It will be perceived that this theory, which is indebted chiefly to Mackintosh for its completeness, ands cientific form, makes conscience wholly a matter of sentiment and feeling; standing in this respect on the same ground with the theory of a special sense, and liable in part to the same objections. Hence the name sentimental school, often employed to designate collectively the adherents of each of these views. While the theory now proposed might then seem to offer a plausible account of the manner in which our moral sentiments aim, it does not account for the origin of our ideas and perceptions of moral rectitude. Now the moral faculty is not mere sentiment. There is an intellectual perception of one thing as right, and another as wrong; and the question now before us is: whence comes that perception, and the idea on which it is based? To resolve the whole matter into certain transferred and associated emotions, is to give up the inherent distinction of right and wrong as qualities of actions, and make virtue and vice creations of the sensibility, the play and product of the excited feelings. To admit the perception and idea of the right, and ascribe their origin to antecedent emotion, is moreover to reverse the natural order and law of psychological operation, which bases emotion on perception, and not perception on emotion. We do not first admire, love, hate, and then perceive, but the reverse.

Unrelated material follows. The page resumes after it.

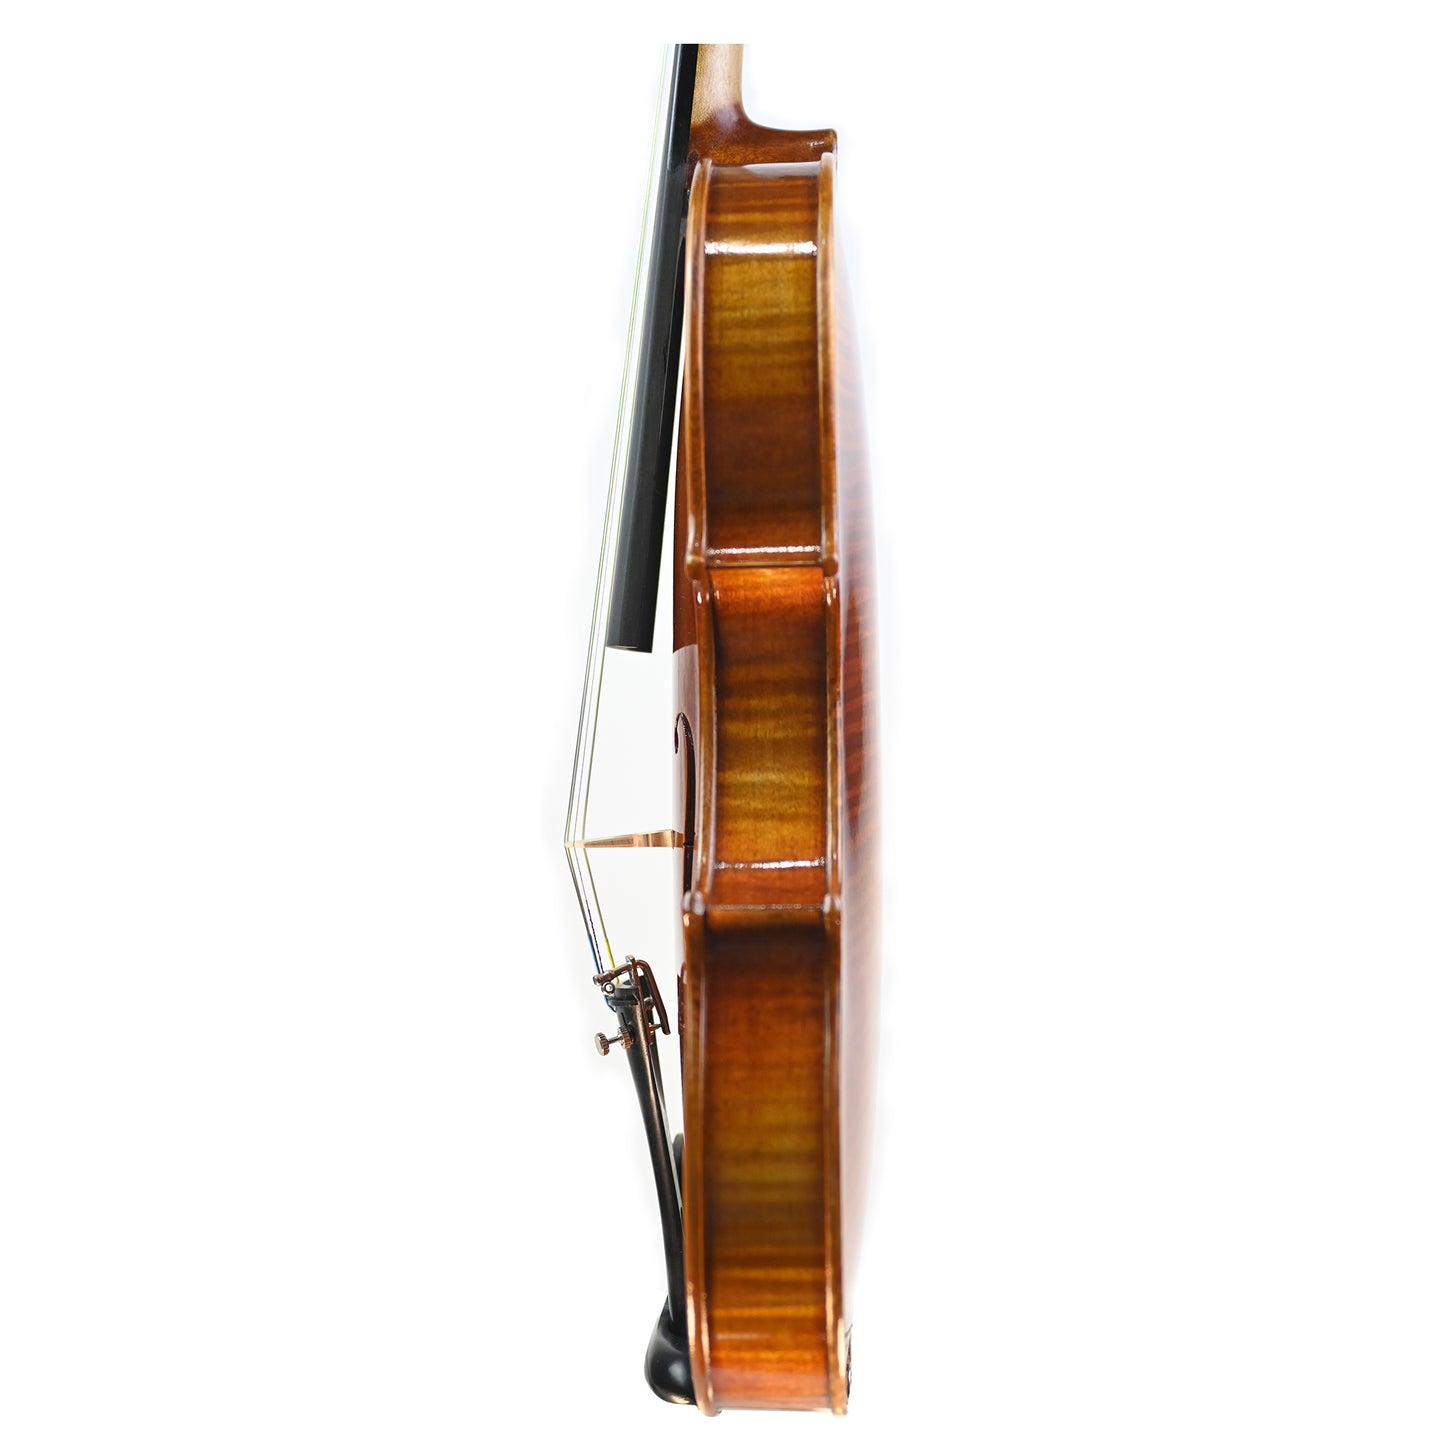 7009 beginner violin left rib

The view now under consideration, while it seems to resolve the moral faculty into mere feeling, thus making morality wholly a relative affair, makes conscience itself an acquired, rather than a natural faculty, a secondary process, a transformation of emotions, rather than itself an original principle. It does it, moreover, the further injustice of deriving its origin from the purely selfish principles of our nature. I receive a favor, or an injury, hence I regard with certain feelings of complacency, or the opposite, the man who has thus treated me. These feelings I come gradually to transfer to, and associate with, the act in itself considered, and this with other acts of the same nature; and so at last I come to have

« PreviousContinue »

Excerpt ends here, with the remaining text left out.